Across the globe the word on everybody’s lips is ‘poetry’ as communities come together to celebrate UNESCO World Poetry Day.
Nottingham joins the rest of the world in embracing the art of poetry. Whether professional or amateur, the day gives the chance for people throughout the globe to come together and practice the craft.
According to UNESCO‘s website “Poetry reaffirms our common humanity by revealing to us that individuals, everywhere in the world, share the same questions and feelings.”
Throughout the city a wide range of activities will be taking place including ‘Poetry Is Dead Good’ – a night of spoken word in the Hockley area of the city. The evening sees poets of all ages and backgrounds pick up a mic to show off their skills for their 32nd event.
Leanne Moden recently performed at the monthly event, describing it as having “a nice and inclusive feel”.
Leanne is an ex poet Laureate for The Fens and has lived in Nottingham for the past 18 months. When she can, she spends her time performing at poetry slams and hosting open mic nights.
“It’s a means of getting poetry out to people who wouldn’t necessarily go to a spoken word event or pick up a poetry book”
Leanne moden, poet
At first she hid her passion from the people in her life.
“I was quite secretive about my poetry until I showed it to a friend of mine who said we needed to go to an open mic night. He secretly put my name down on the list without letting me know” said Leanne.
She didn’t let her nerves put her off. “I was absolutely terrified, but I got up on stage and I haven’t looked back since.”
Leanne believes that World Poetry Day makes the art form easily accessible to those who wouldn’t usually encounter it.
“It’s a means of getting poetry out to people who wouldn’t necessarily go to a spoken word event or pick up a poetry book.
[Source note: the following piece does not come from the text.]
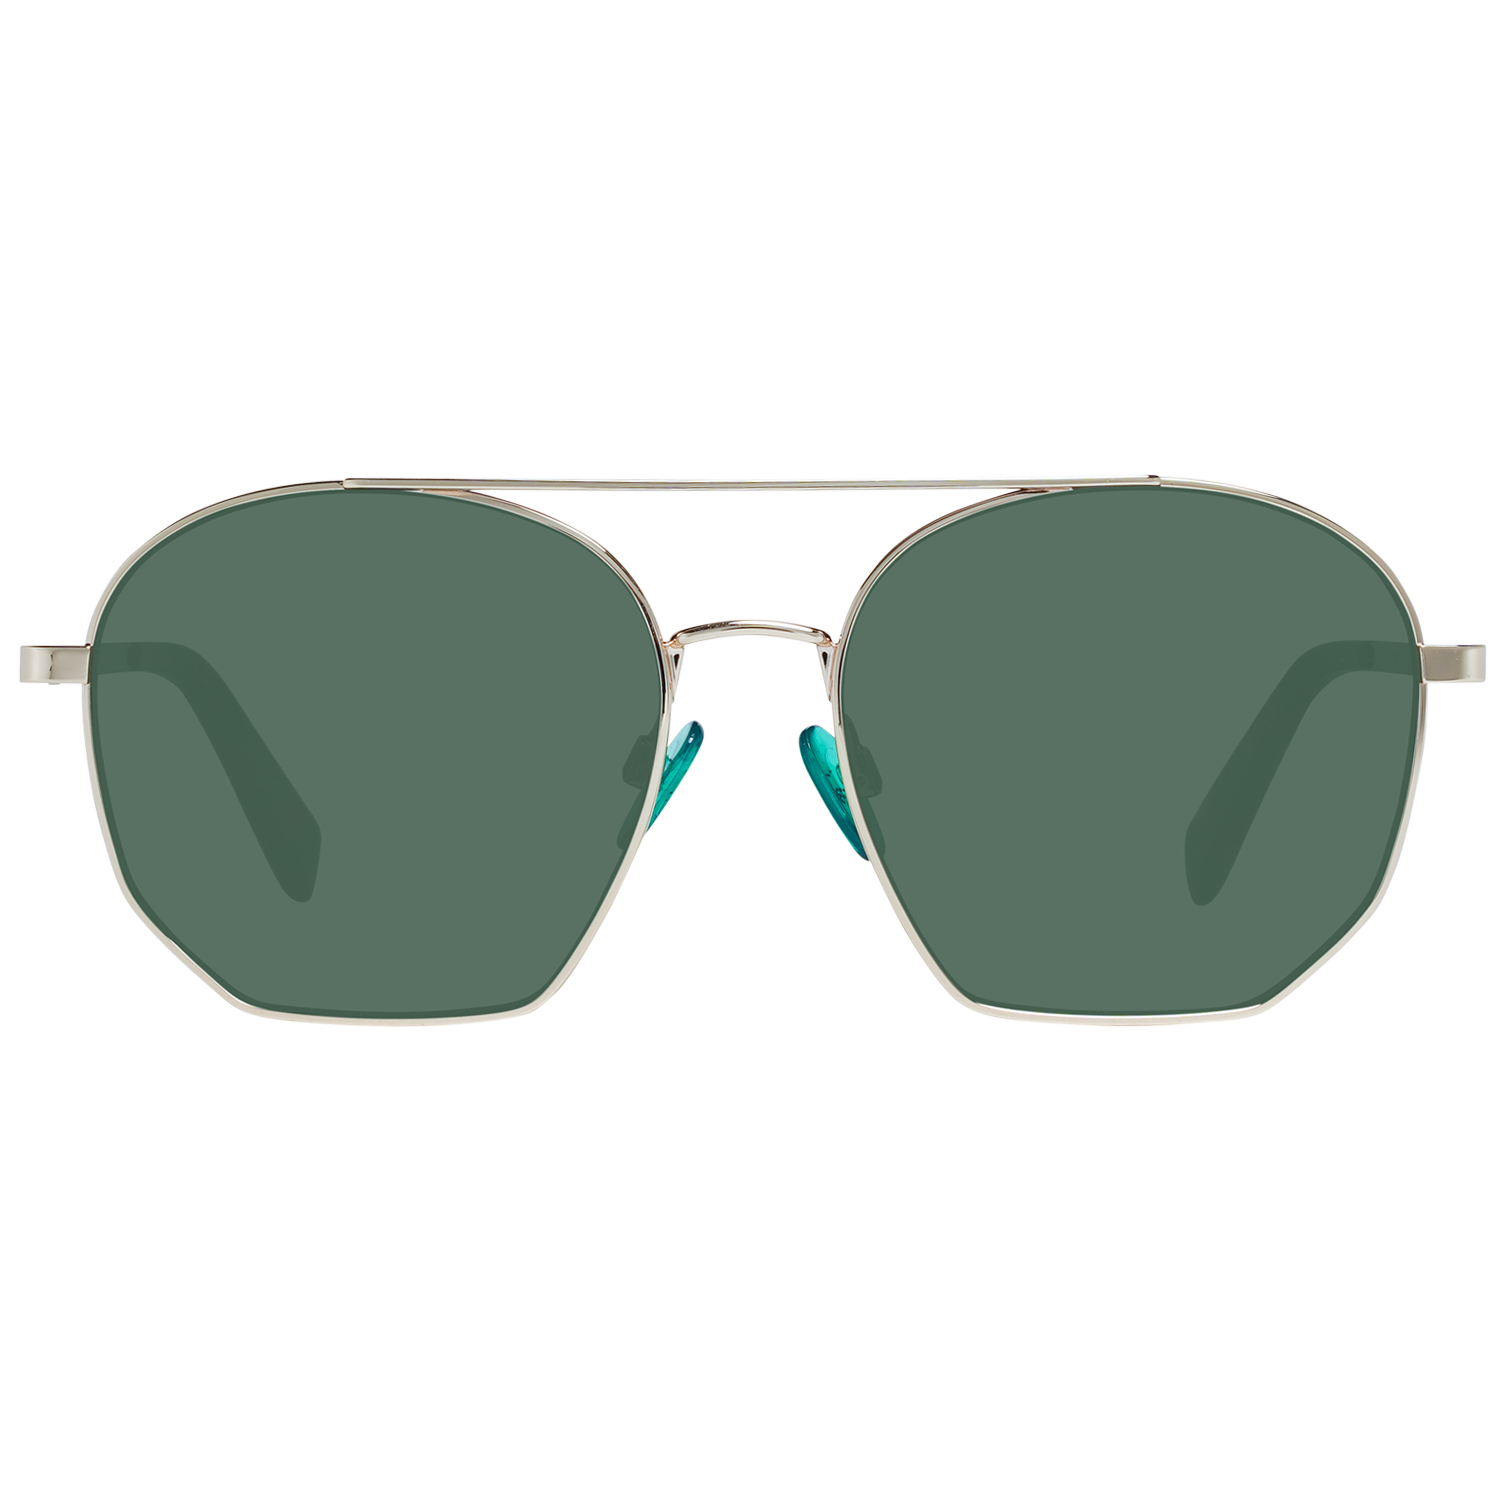 Benetton Sunglasses Benetton Sunglasses BE7032 402 55 Eyeglasses Eyewear UK USA Australia

So being able to have poetry in places like newspapers or on the radio so that people can just catch a poem and maybe let it take them off in a different direction”.
March 21st has been UNESCO’s World Poetry Day since 1999.
The world famous poet Lord Byron is one of the many literary legends from Nottingham.
Some cafes offer a poem with their drinks on World Poetry Day
Lauren Elizabeth Day is studying English and Creative Writing at The University of Nottingham.
She says “Poetry is cathartic self expression, using emotive language to paint a thousand pictures.”